▶ [Assignment]: Your answer should hold exactly the lines below from the line with "spigen-champagne-gold-thin-fit-case-for-apple-watch.jpg" through the line with "Business Marketing of Amazon.com", both included, and no pictures at all.

▶ [Entries provided]:
==*==
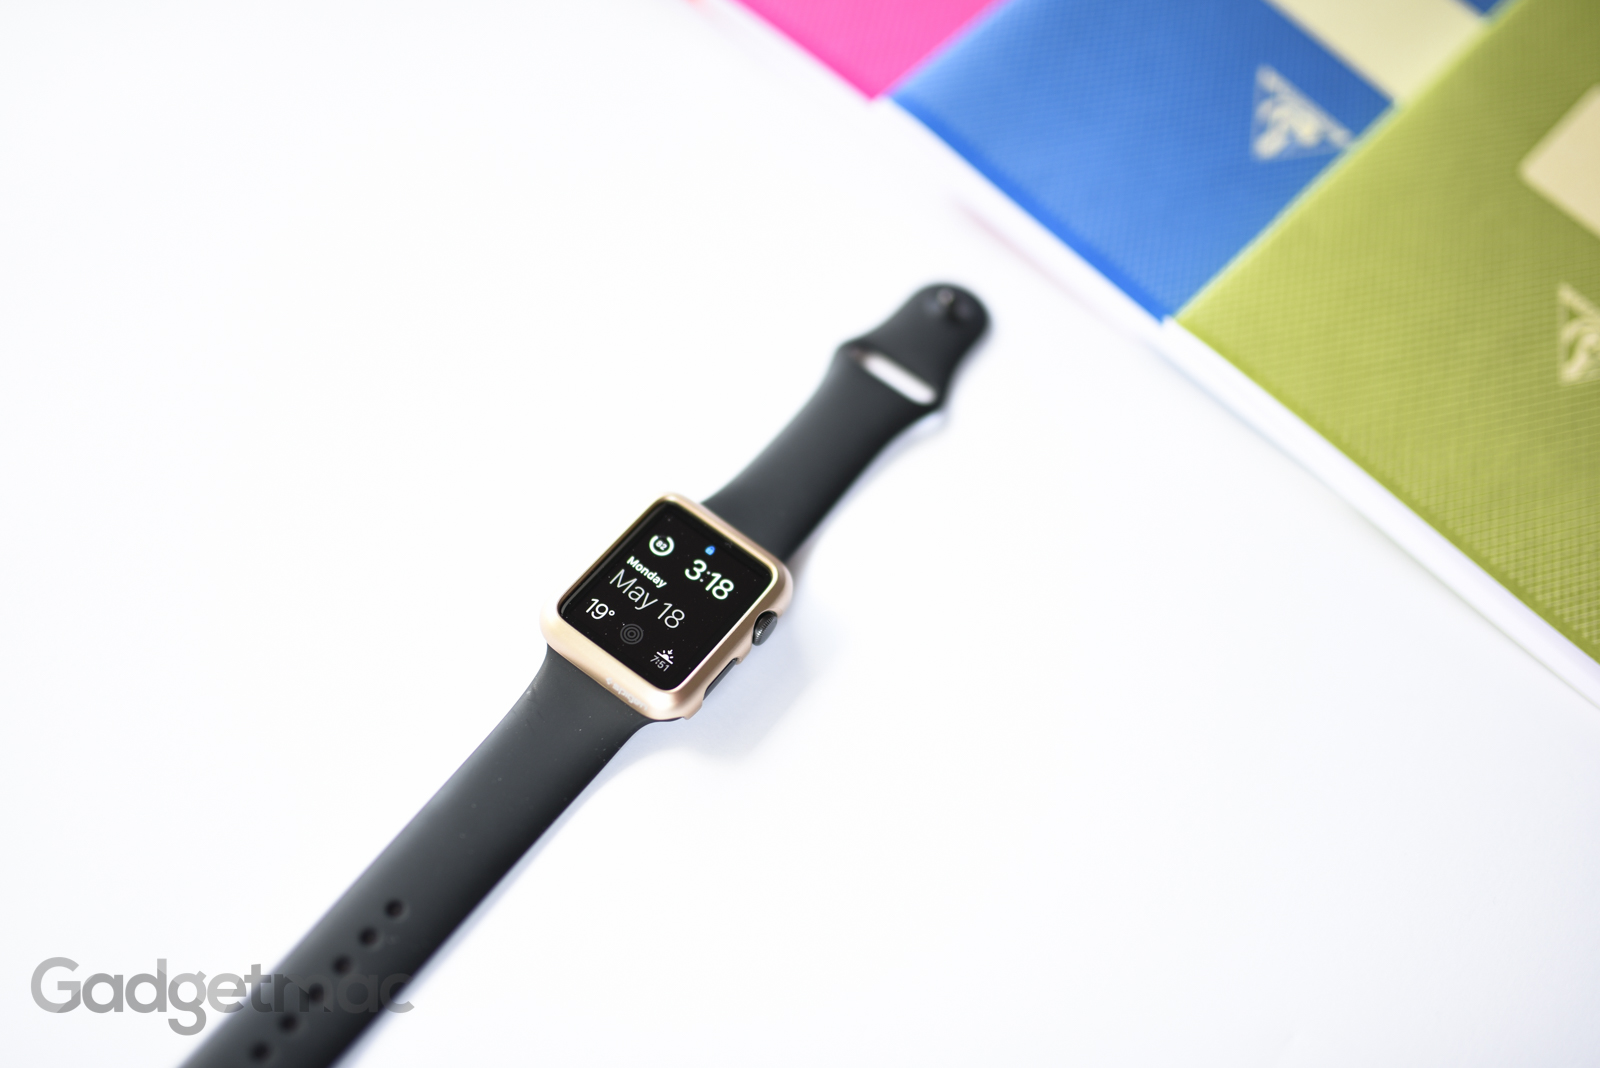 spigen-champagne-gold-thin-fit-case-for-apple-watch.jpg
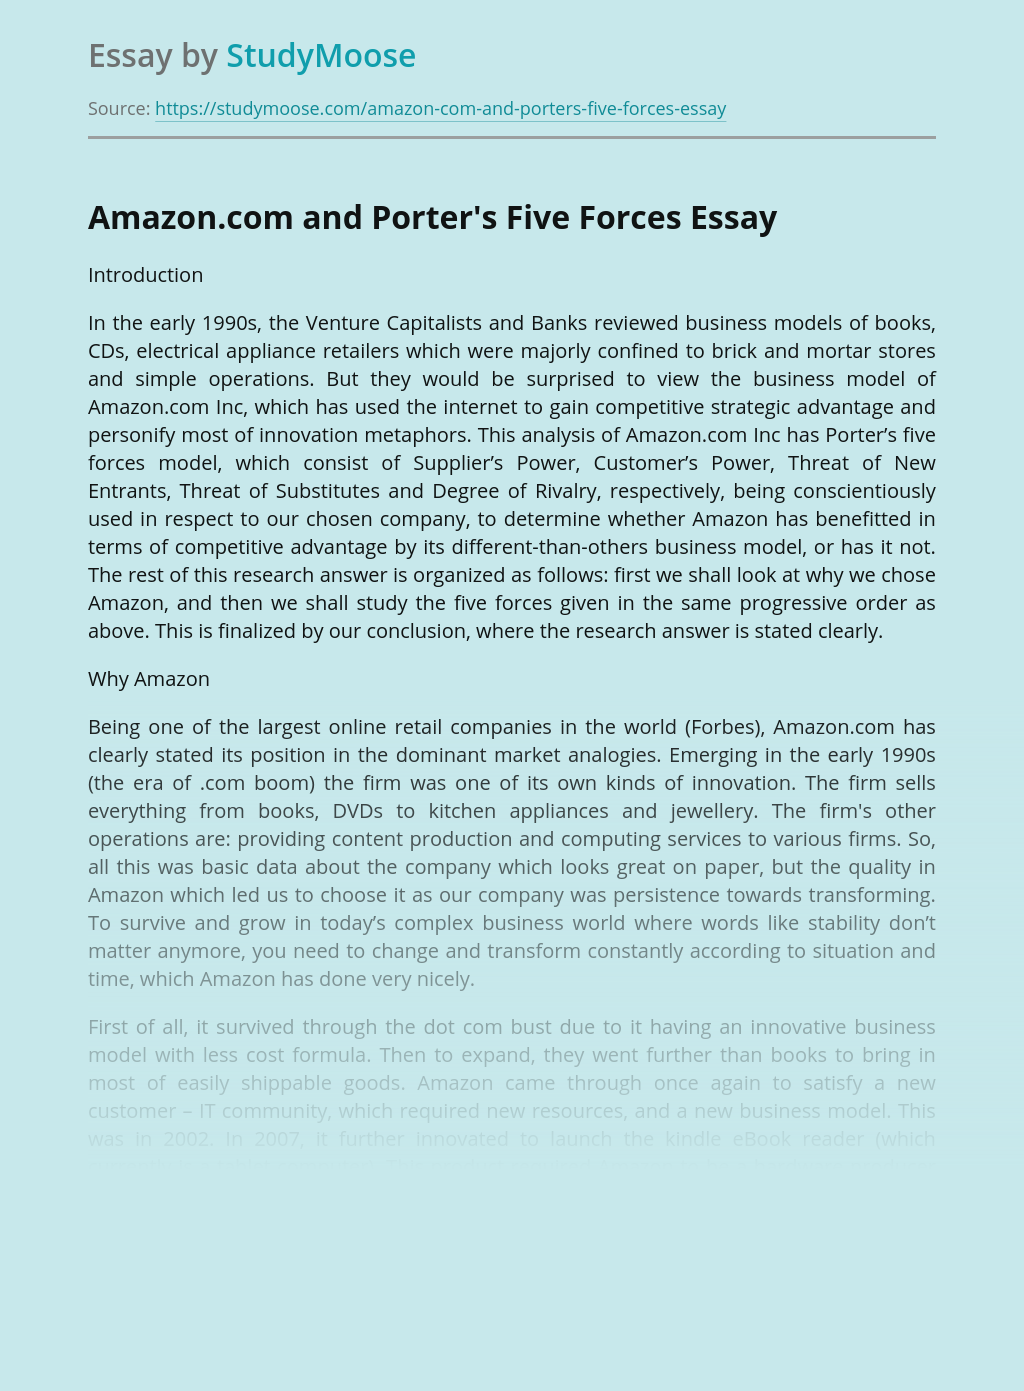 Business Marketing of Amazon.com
==*==
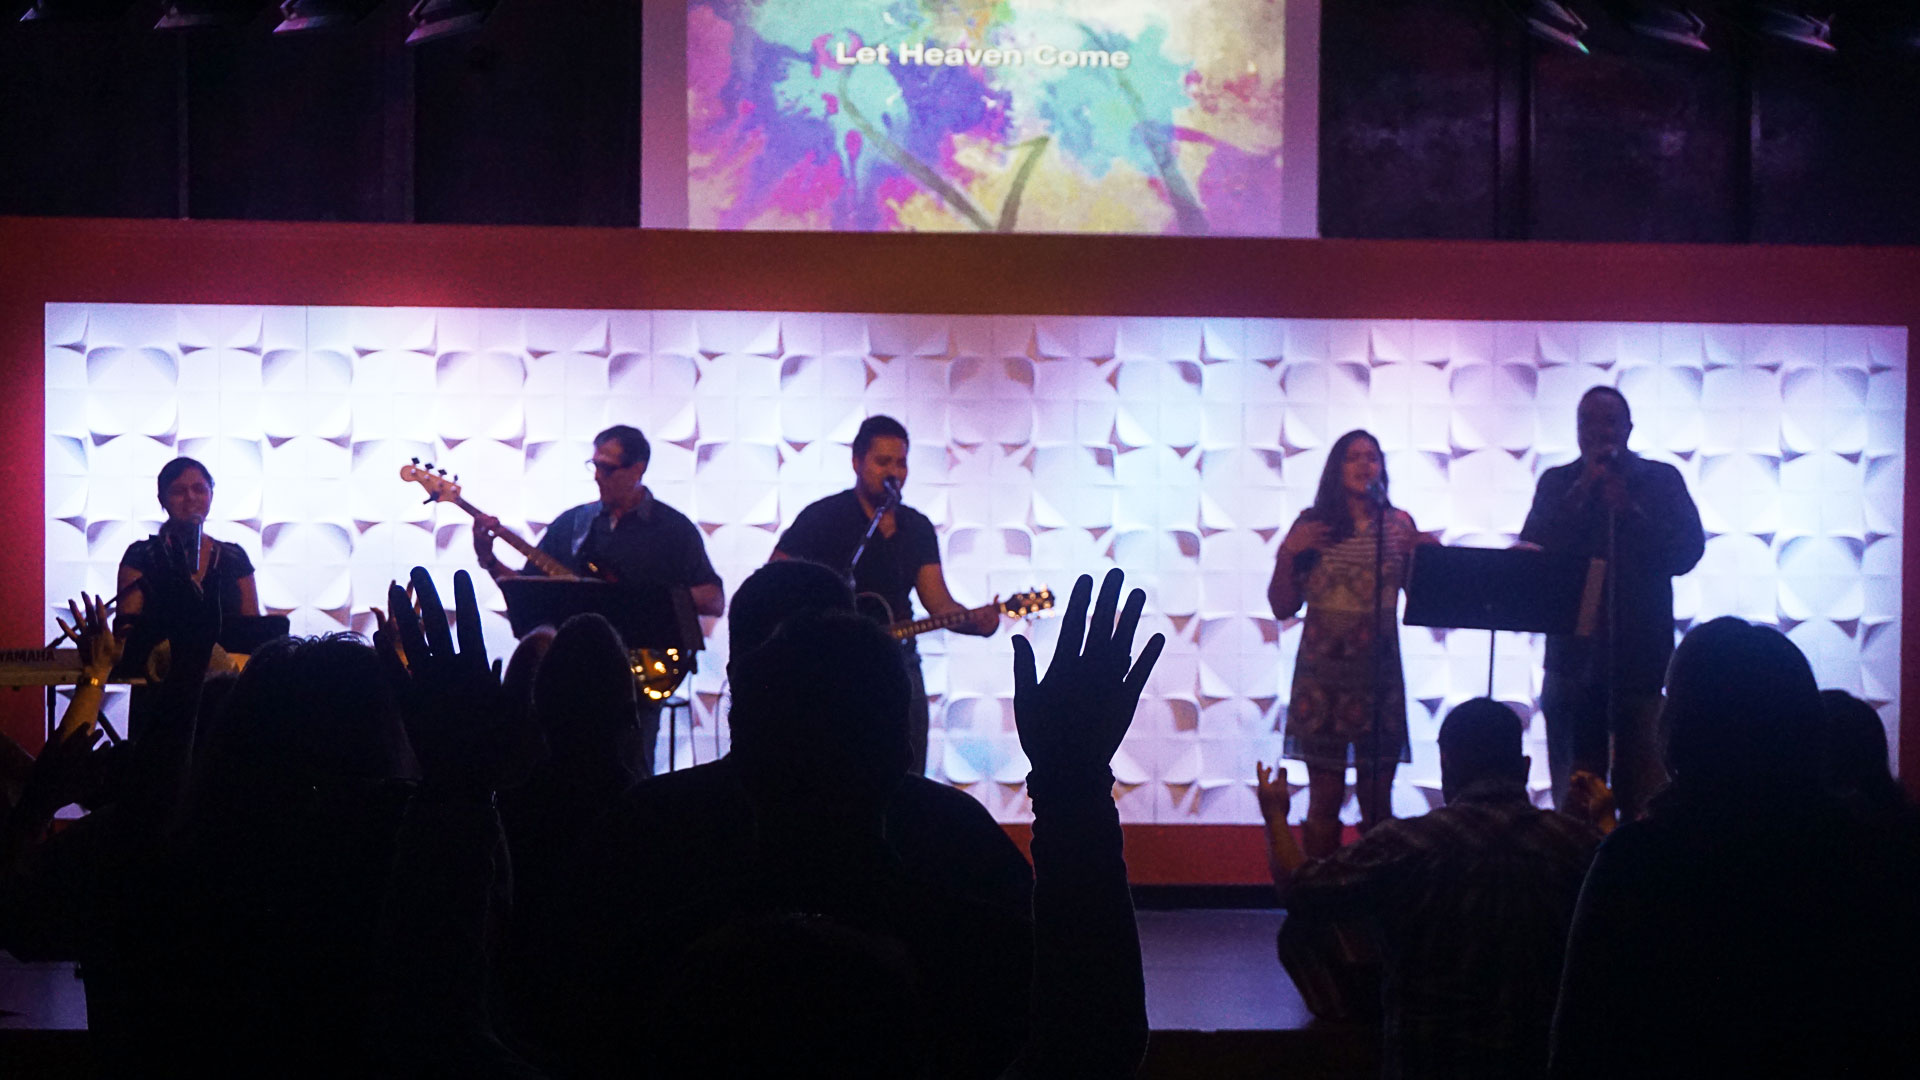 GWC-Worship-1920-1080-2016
==*==
▶ [Task answer]:
 spigen-champagne-gold-thin-fit-case-for-apple-watch.jpg
 Business Marketing of Amazon.com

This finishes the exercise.